Data shown:
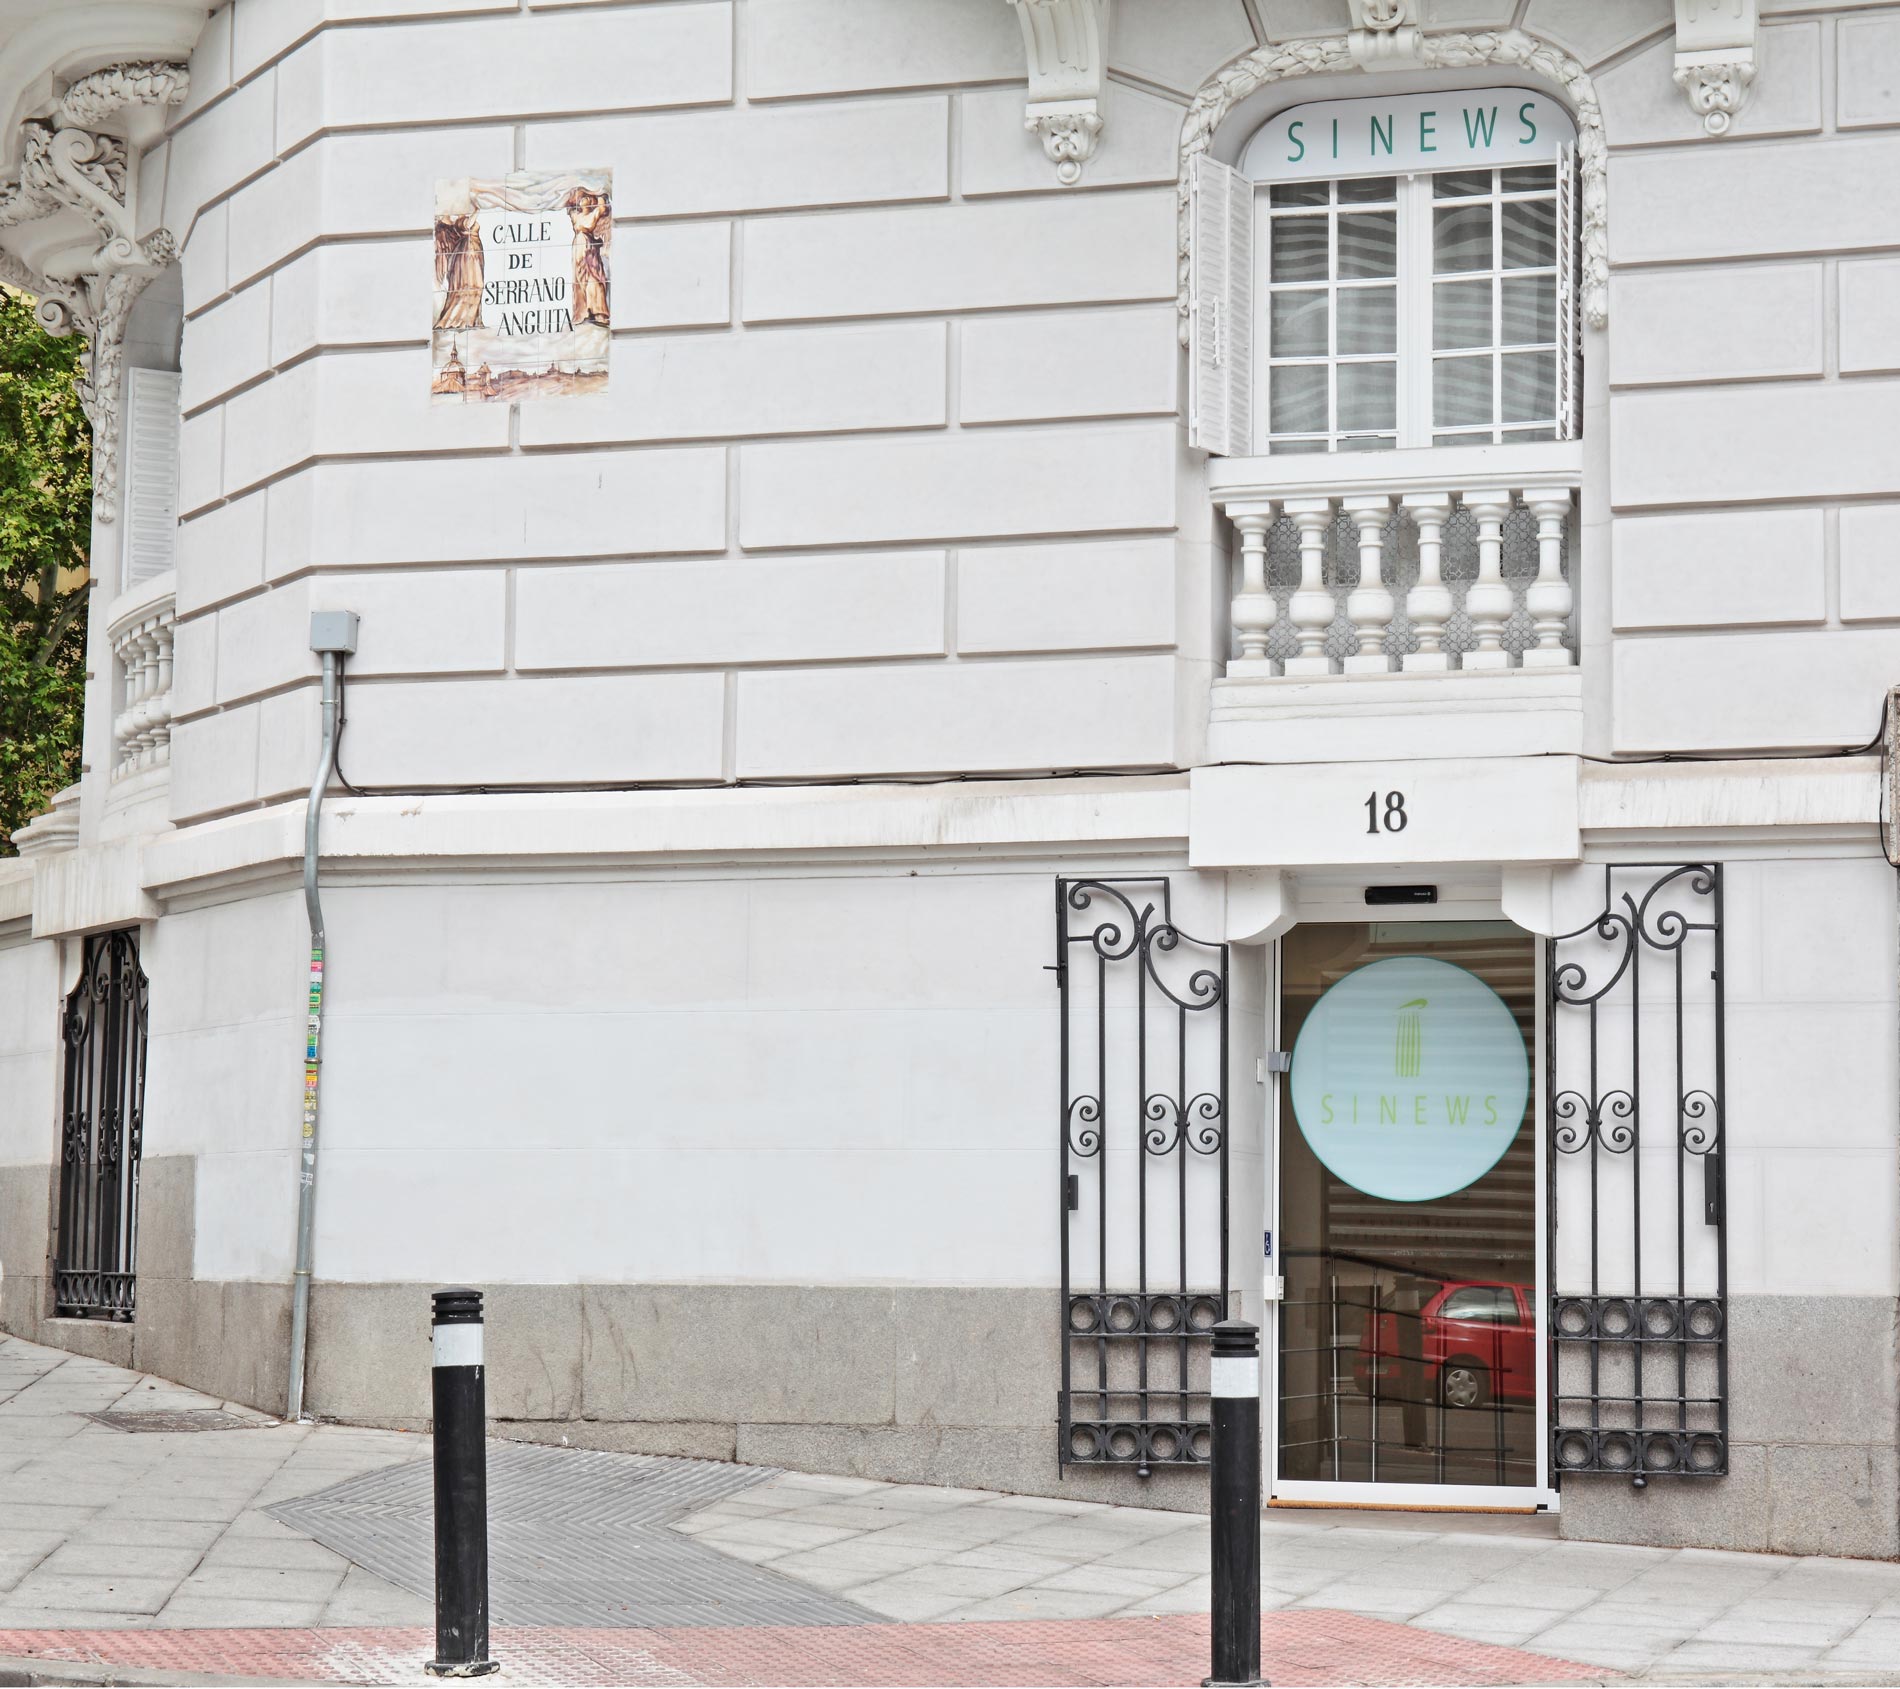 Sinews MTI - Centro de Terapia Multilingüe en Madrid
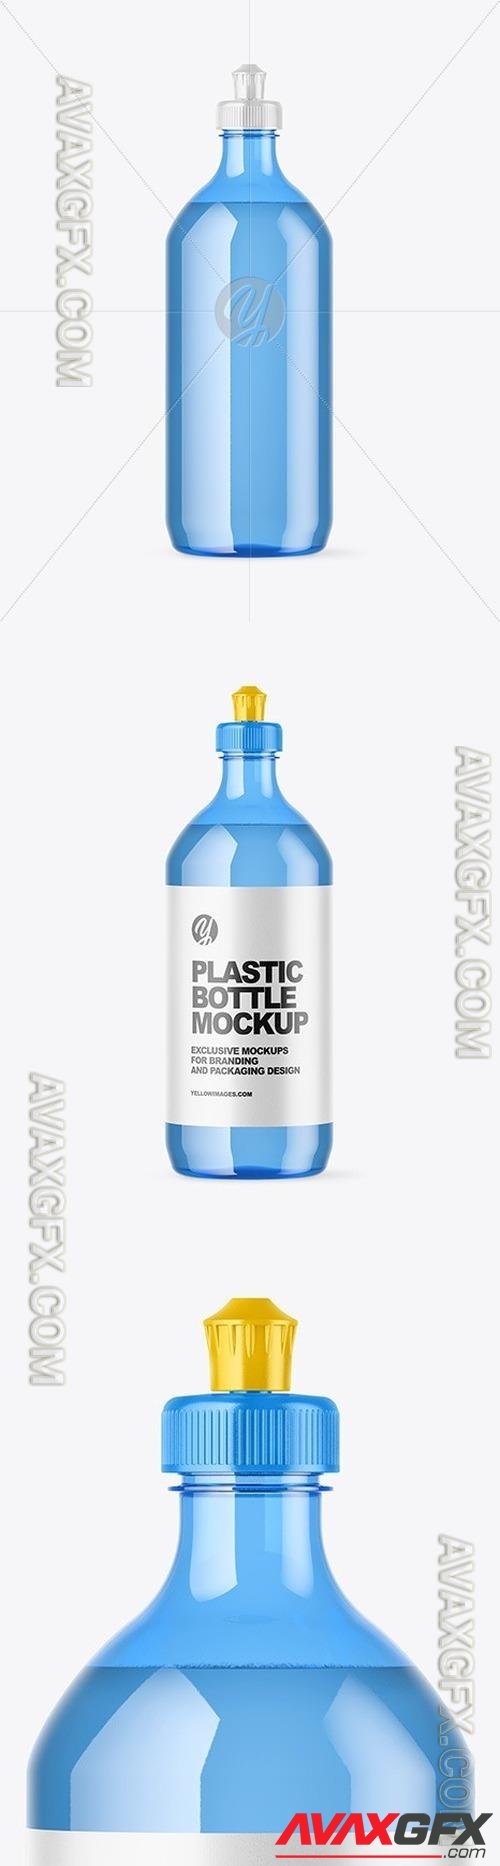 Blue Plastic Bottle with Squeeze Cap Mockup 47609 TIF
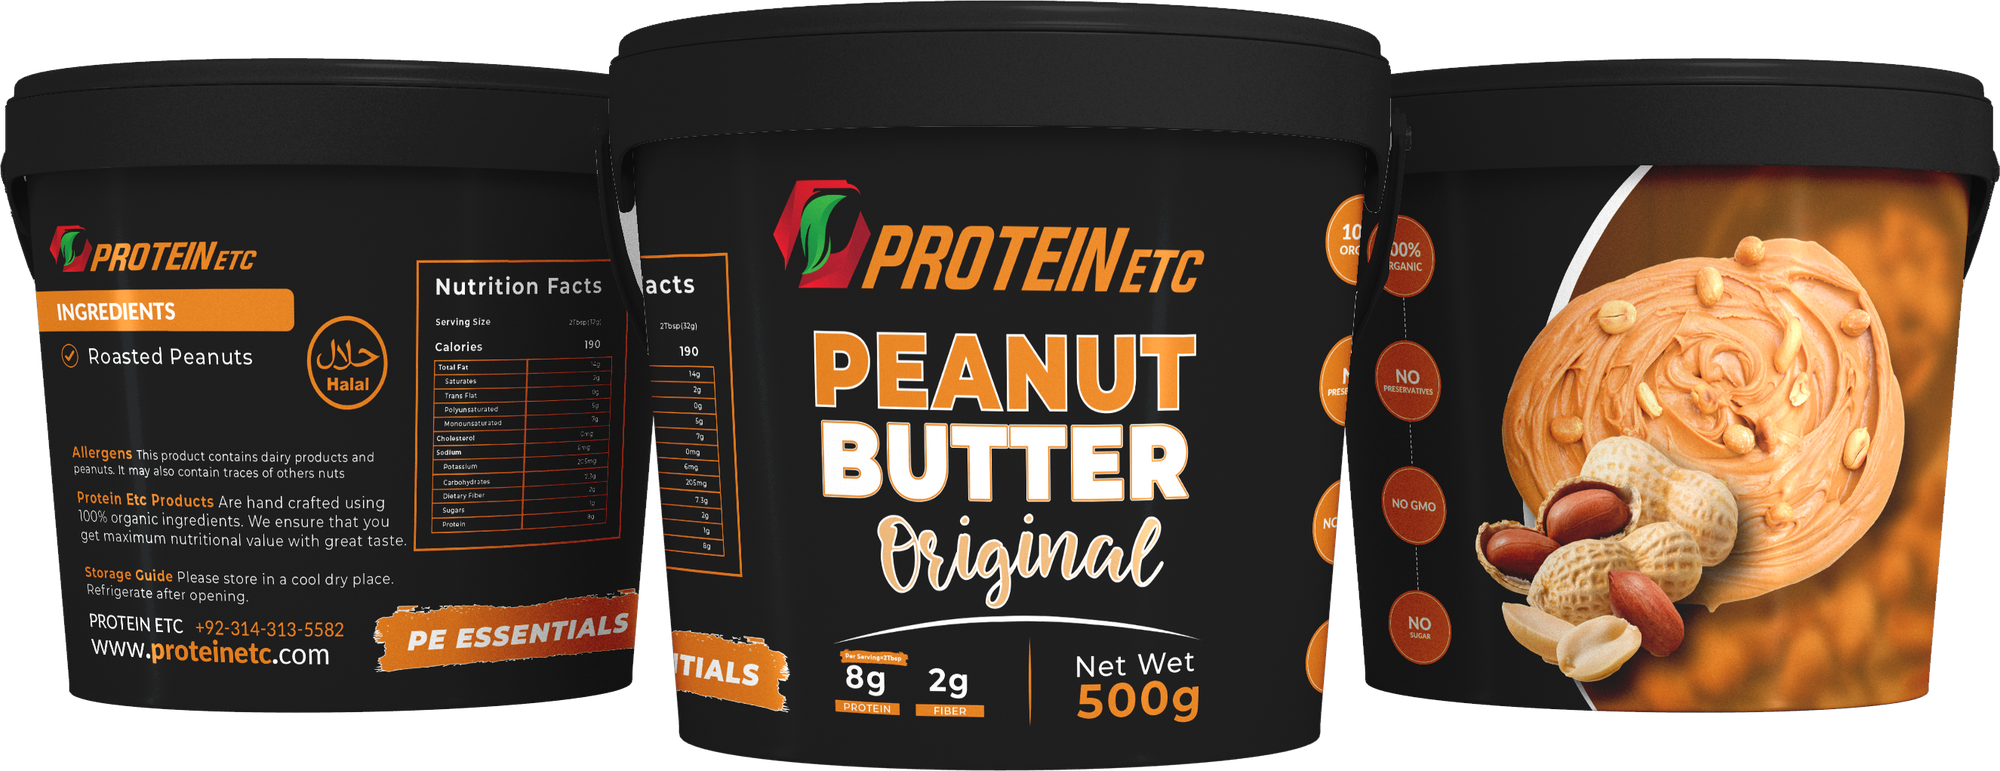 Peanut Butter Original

What to do:
Please repeat every line from the listing above exactly as it appears. Drop the pictures.

Response below:
 Sinews MTI - Centro de Terapia Multilingüe en Madrid
 Blue Plastic Bottle with Squeeze Cap Mockup 47609 TIF
 Peanut Butter Original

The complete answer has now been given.